佐香 あまり考えすぎずに。ナチュラルに。一番最初に出てきた言葉を大切にして作っていきましたね。こういう曲があって、歌詞を載せたんです。でも実は曲と一緒に言葉やメロディが出てくることの方が多いんです。でもこの曲は、曲とメロディがあって、そこに歌いたい気持ちを重ねましたね。

――そしてもう1曲は『ウソと真実』。割と、動と静でいうと、佐香くんの動の部分が出てますよね。非常にエモーショナルで、こういう面もあるのか…と驚いたくらいです。

佐香 そうなんですね。自分でもよくわからなかったんですが、でも作ったことで自分でも「こういう面もあるんだなぁ」って発見のあった曲ですね。きっと普段からここに込めたメッセージのような自分もいるんです。ただそれが表側、とか裏側っていうことではなくて、そもそも自分の中にはこういう感情や想いっていうのは普通にあるので、それを素直に出しただけですね。

――アレンジの妙、みたいなもので激しくなったのか。それとも曲が出来た時から、こういう激しくかき鳴らすような世界観だったのか……。

佐香 ギター1本で弾き語りで曲を作ったときから、このままの世界観でした。かき鳴らして、思うままに言葉をぶつけるようなそんな曲でしたね。

――イメージが変わるというか。ドッキリさせられる曲でしたよね。

佐香 僕、アニメやドラマでもそうなんですが、救いようのない悪いキャラっていうのがすごく好きなんですよ。だから主人公よりも敵が好きだし、普段からそういうことを想っているからこそ出てきたのかなって思うし、僕の音楽の中でもスパイスになる曲なんじゃないかな、と思いますね。

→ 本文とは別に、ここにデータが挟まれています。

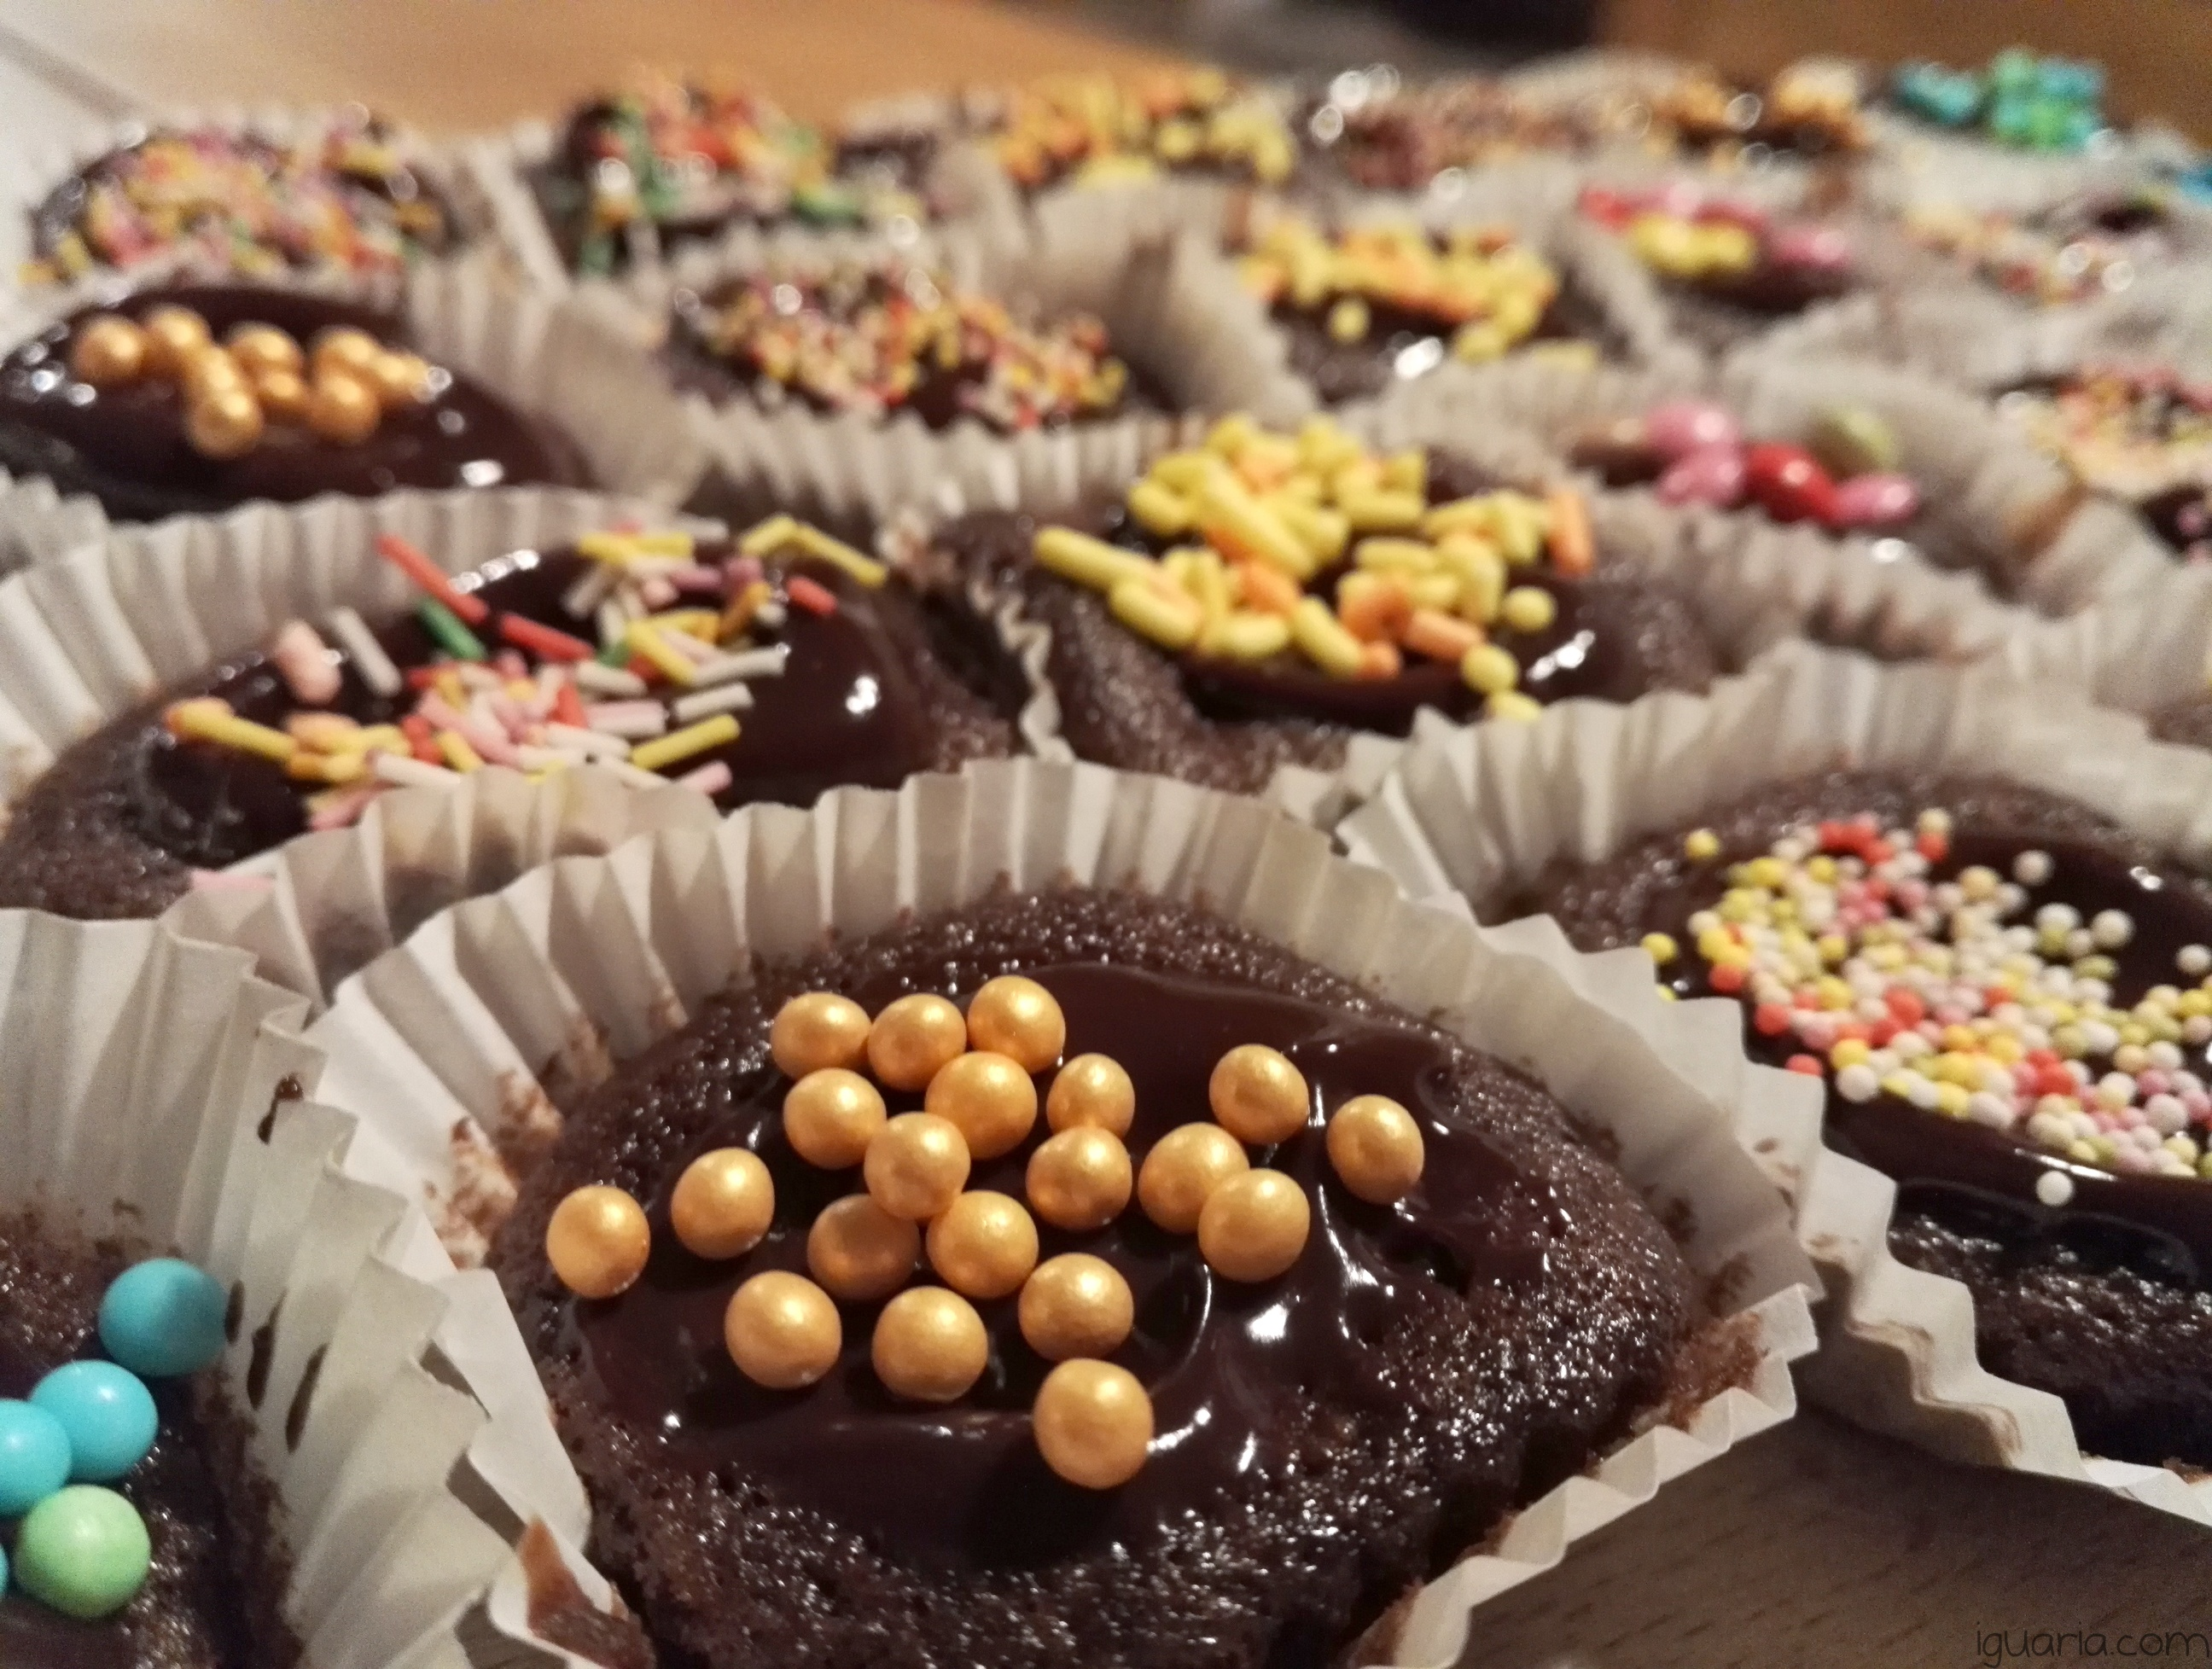 Iguaria_Queques-de-Chocolate-Decorados
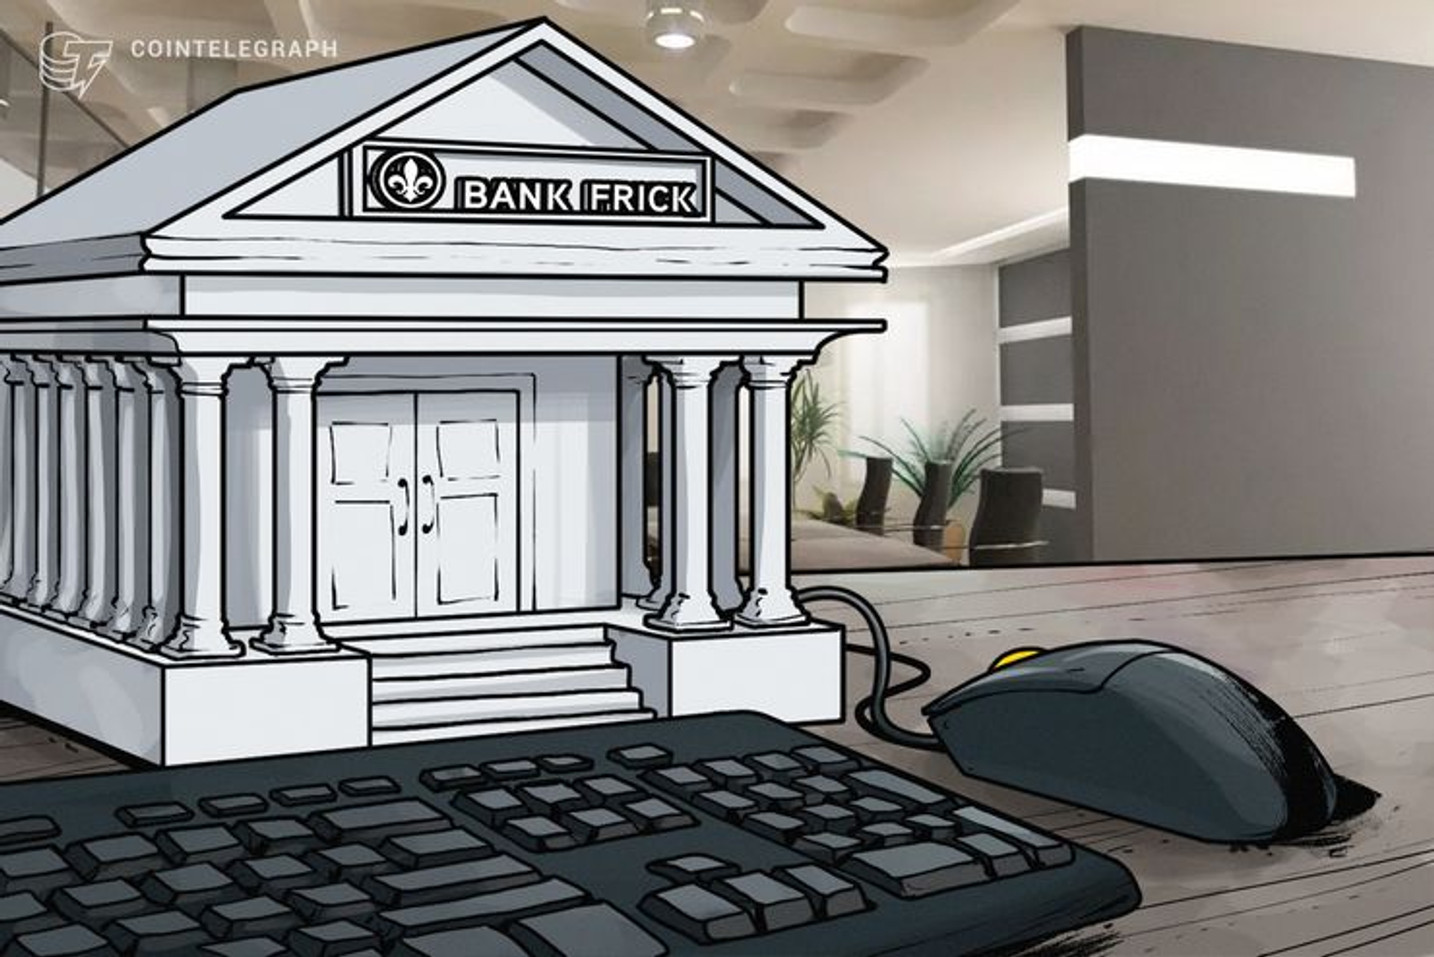 Bank Frick 2018 trotz Krypto-Baisse mit höheren Erträgen

――このシングル1枚でもすごくバラエティに富んだ、広がりある曲が入ってますね。このレンジの広さが出てくるようになったきっかけはあった?世界が広がるような。

佐香 色んなところへ出かけていくようになりましたね。自分の足で。それこそ外に出ることもそうだし。あまり行かないような場所にも行くようになりましたね。札幌以外にも…小樽に行ってみたりしましたし。

――行動的になったんだ?

佐香 自分の足で出かけるようになりました。普段からアンテナを広げるようにもなりましたし。だからこそ今回の「カラフルワールド」みたいな曲も出来た気がします。これまでは自分の中の選択肢やボキャブラリーもまだまだ足りていなかったとも思いますし。外に出て色々と感じるようになったことで変わったような気がします。

――今年は舞台「タンブリング」への出演もありました。何かそこで新たに得たものもあったのかな?

佐香 「タンブリング」は大きかったですね。同年代の人と同じ現場で仕事するってことはなかったので、そういう意味でもちょっとオトナになれた気がしました。あそこでの経験はデカかったですね。今までの自分じゃダメというか。新しいチャンネルでの自分を出すっていう機会でした。もうひとつの自分を構築するっていう作業が必要になりましたし。ダブルキャストで中村誠治郎さんがいらっしゃったんですが、その誠治郎さんが強烈なテンションで演じていらしたので、初挑戦の僕としてはハードルとなり、そしてすごく勉強をさせてくれる人でもあったので、すごくいい機会になりました。声を出して表現をするというのもそうなんですが、舞台でお客さんと繋がる瞬間に笑いが起きたり、ふと涙を浮かべてくれたりするのは本当にすごいことだし、僕が歌うライブとは似ているなって思ったし、舞台上で表現したものが伝わる瞬間というのを改めて感じることが出来ましたね。また機会があったらいいなぁって思います。

――そんな経験を経ていく上でまた「カラフルワールド」がよりカラフルになっていくんでしょうね。そんな佐香くんの今後の目標は?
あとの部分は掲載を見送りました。